April 24, 2020
Since the outbreak of COVID-19, my brother and I have engaged in a new, tacit and transatlantic family ritual: From his home in Toronto, he sends my parents, who live in suburban Ontario, daily updates on the number of Canadian COVID-19 deaths as a fear tactic. Then, from my home in Paris, 6,000 kilometres away, I conduct regular checks like a drill sergeant to make sure they’re not leaving the house.

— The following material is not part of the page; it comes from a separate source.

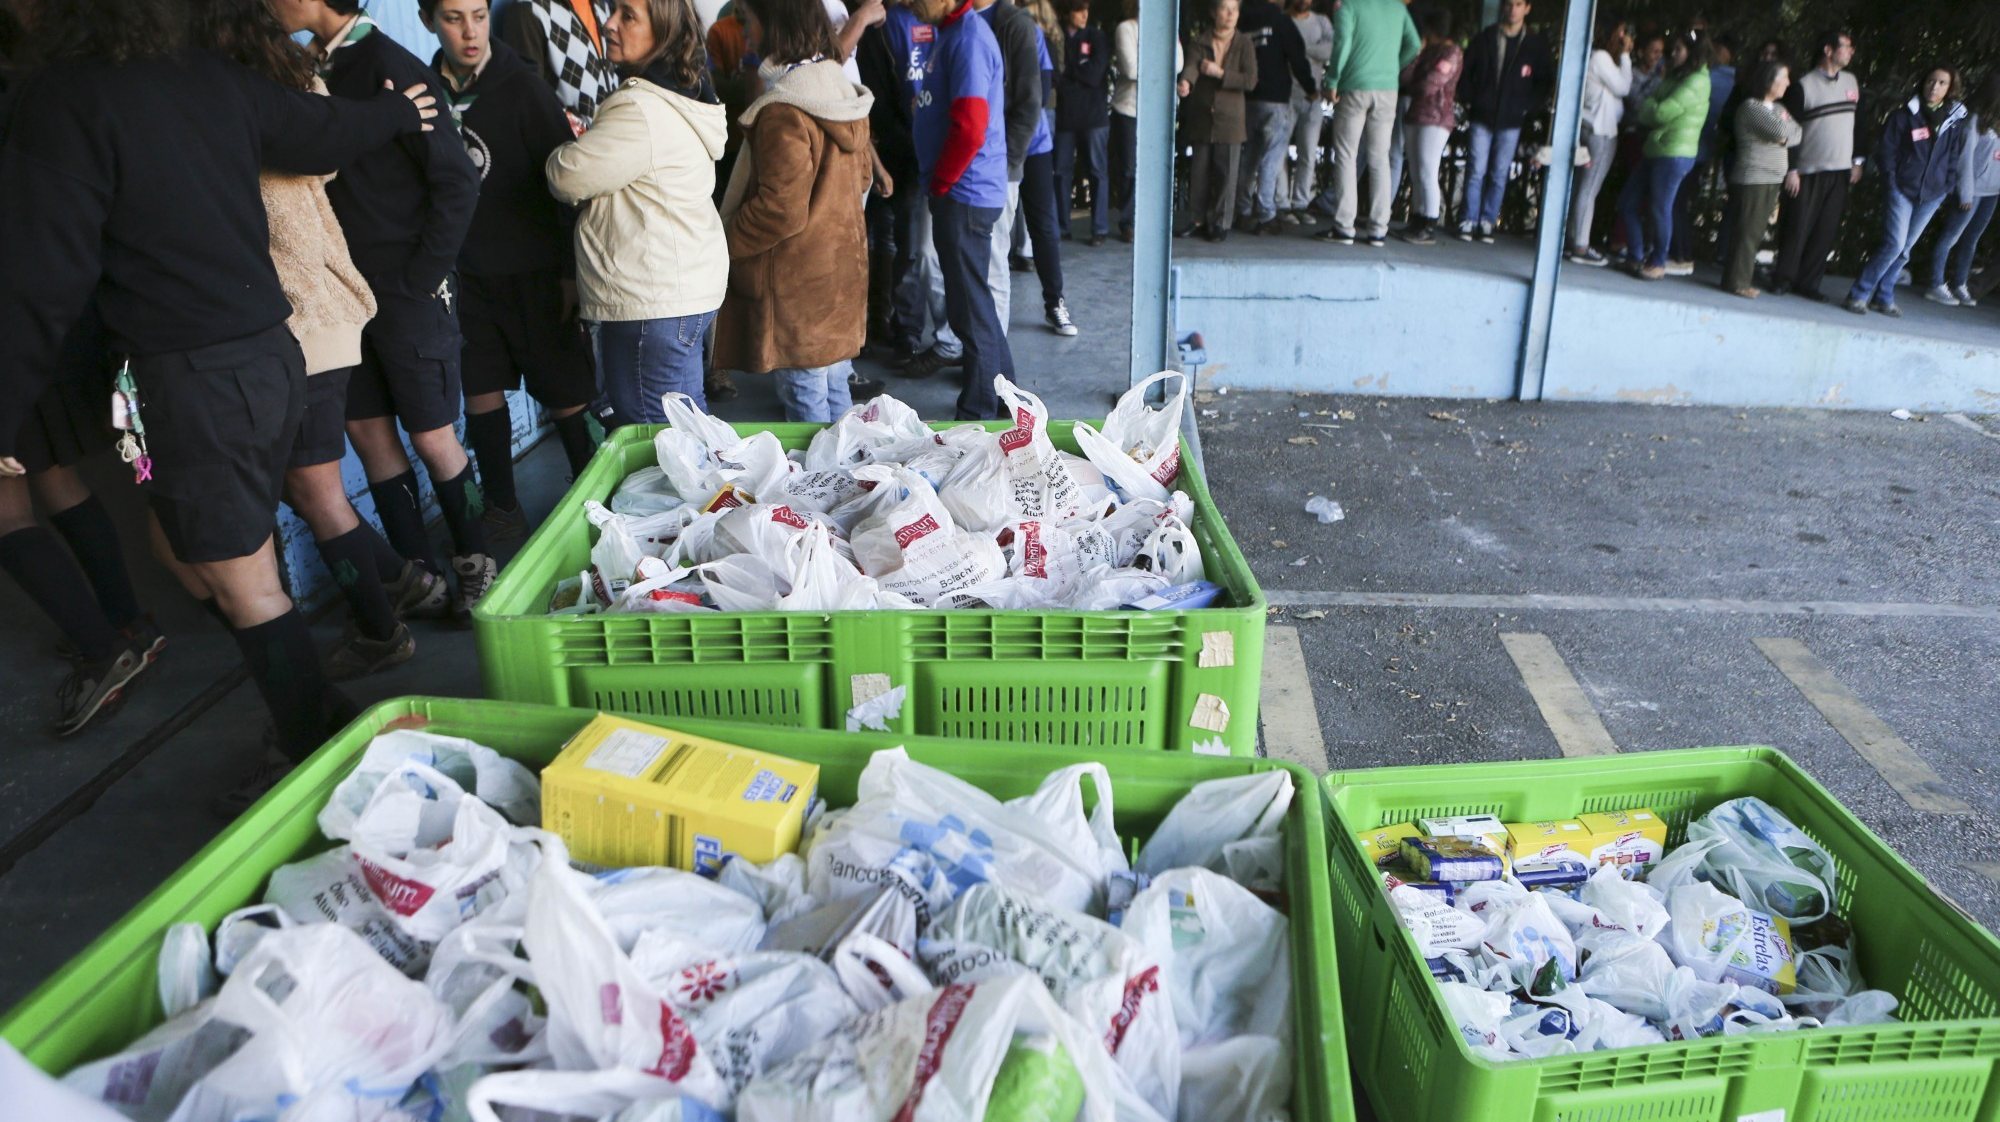 O Banco Alimentar contra a Fome recebeu 514 toneladas de bens alimentares

It’s a routine we’ve invented and honed out of necessity. The fast-evolving news and rules of this global pandemic can leave even the average media-savvy and digitally literate person scrambling; I know this well, because I’ve had to toggle constantly between news sites in France and Canada to try to keep up with developments both locally and back home. But our parents are Luddites in their 60s and 70s who, as Korean immigrants, aren’t fluent English speakers, to boot.
My 72-year-old father still does all his banking with a teller, refusing to get a bank card. It’s only in the past few years that he’s learned the basics of how to use a mobile phone and Google. My parents don’t have a cable subscription; they get all their news from Korea, thanks to a set-up my brother installed on their TV and computer. And while my mother can navigate YouTube and some messaging apps, her online comfort level ends there.
There has long been a digital divide that has kept seniors such as my parents in an information vacuum. A 2018 report from the Canadian Internet Registration Authority (CIRA) notes that seniors are the group in greatest need of digital access and literacy, followed by low-income citizens, youth and Indigenous peoples. And just as it has with income inequalities and class divides, the pandemic has exacerbated these problems. And now, the very people who are most vulnerable to COVID-19 are also being left behind because of their informational disadvantages – with language barriers among immigrant seniors putting them at a double disadvantage.